One way to do this is to create programs and opportunities for them to give back to the community. This might be through time off to participate in charity events, through company-sponsored events, or through a matched donation plan to the organization of their choice.

Key Takeaway: Millennials want to feel that they are doing something to help others. They want to work for a company that has a reputation for caring about people and important causes, or at the very least allows them to be active in supporting those causes themselves.

  1. Create opportunities for them to give back to the community through charity events or company-matched donations.

6. Offer Flexibility

Millennials prefer more flexibility in how and where they do their job, as well as time outside of work to pursue their own personal projects. Managers should be open to taking a new look at how a work day is composed.

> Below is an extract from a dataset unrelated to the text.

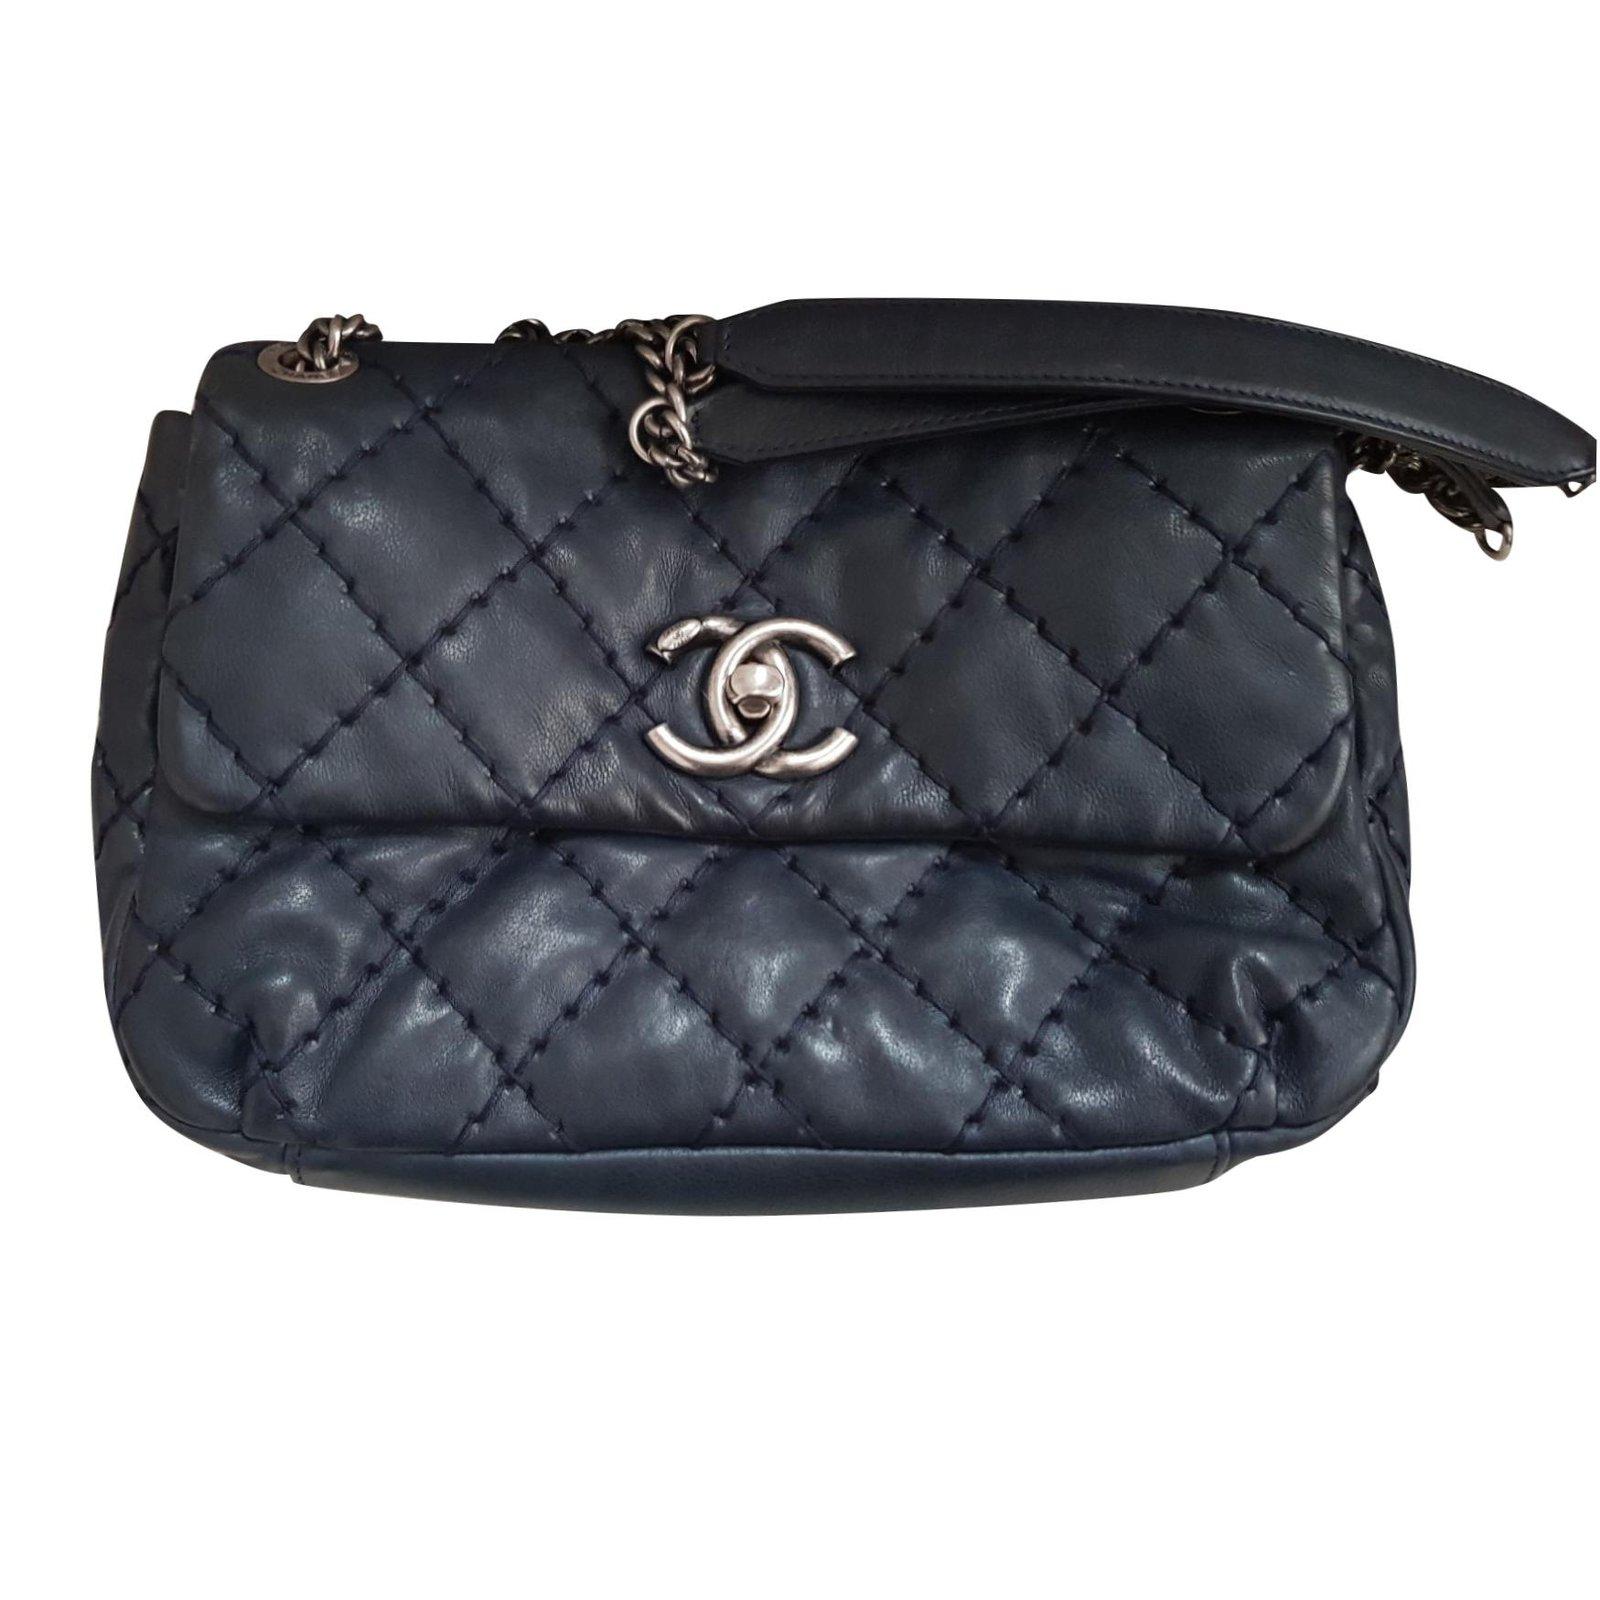 1cc443568cb62 Chanel Chanel bag Handbags Leather Navy blue ref.100883 - Joli Closet

77% of Millennial workers believe that a flexible work environment would improve their productivity. Managers can’t ignore that.

What this means is that Millennials expect to have the option to adjust their work schedule to fit their life rather than the other way around. They prefer more vacation time (unlimited, if they can get it) and the ability to work outside of the office.

Key Takeaway: With Millennial workers, their lives aren’t reshaped to fit the job. It’s the other way around. While not every job and position can accommodate this level of flexibility, find ways to give them that work and life balance so that they do not feel their personal lives are sacrificed for the betterment of your company. Some ideas include:

  1. Encourage them to pursue outside projects and interests to prevent burnout and negative feelings towards work.
  2. Let them design their own work hours at the office by setting up block hours or remote work days.
  3. Create seasonal hours in the summer where each employee has a four-day work week.

The truth is that Millennials are not all that different from previous generations in the most important aspects of work, including ethics, habits, and teamwork. By offering these team members benefits that are important to them, like frequent feedback and flexibility, you’ll keep them engaged, focused, and happy.